In case of Rust, it’s hard to follow issues to keep up-to-date with this kind of changes. The only people that understand how the language works, are actually those people that define the language(and changes to it) which is not ok.

Somehow, it’s disturbing to me that I write in a language I don’t understand. And it is a bigger issue for me particularly because it’s hard to get the necessary info to understand the language.

Now, “coming back to C++”… Hopefully, when Rust will be in the wild for a longer time(not exactly like C++, since I think we get so much info about the language particularly because we have the internet now/it evolved so much, not because the language has its particular age, although the 2 combined do meet. What I mean, if C++ would of been in the wild for the last 10 years, defined so well in a standard, how it is currently, we would probably have it documented by people as well as it is currently), we will have all this info, although, for a native language, I think the info should of been laid out already.

At the end, I am still left unsatisfied with my understanding of the language and the information available out there to accomplish this task.
I remain hopeful that the “concepts/behaviors” that are stabilized and the people that define/implement the language will document better these “concepts/behaviors”.


#10

One inherent issue here: describing semantics that are not guaranteed means that people will come to rely on those semantics, which makes fixing them to be the semantics we want more difficult.
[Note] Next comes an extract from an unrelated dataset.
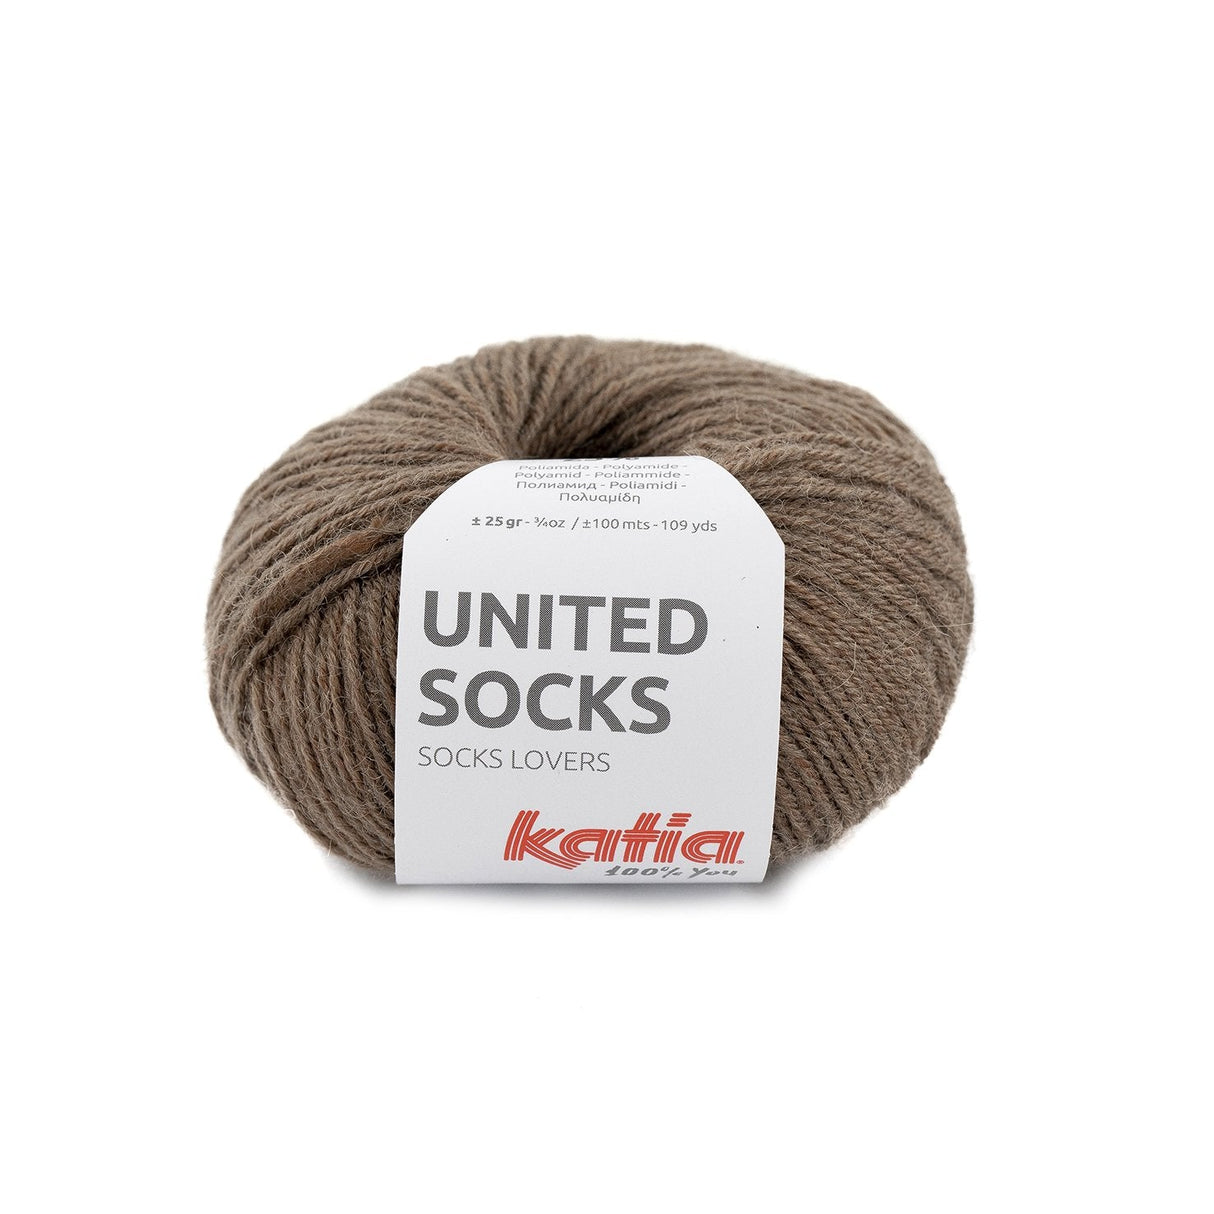 Katia United Socks - Laine de qualité pour tricoter des chaussettes

Rust is not yet at the level of maturity where there will be a full spec. That’s going to take time. So there’s just always going to be these under-specified bits for now.


#11

For the record, the C++ standard doesn’t define where vtable pointers are stored or how virtual dispatch works in general. Most compilers do it pretty similarly, but I’ve heard of one that, IIRC, sticks the vtable pointer as if it were a field declared in the class at the location of the first virtual method.


#12

Ye, seems like I made a claim without being properly informed on the subject.
I also considered always that the vpointer is always placed at the beginning of the object, which, if to believe the article on wikipedia, is not true…

Well, anyway, it’s important to know that the vpointer is added(and when) to the object, not so much where it is placed inside the object. This info can be used to find why it is not a good idea to call virtual functions from within’ constructors, to know that the size will be change, that you also have to take care taking pointers into the object…


#13

I don’t think C++ even specifies the presence of a vtable pointer, and I know padding isn’t specified, so you can’t really know much about the size. All it specifies is that the address of every member is bigger than the one before it.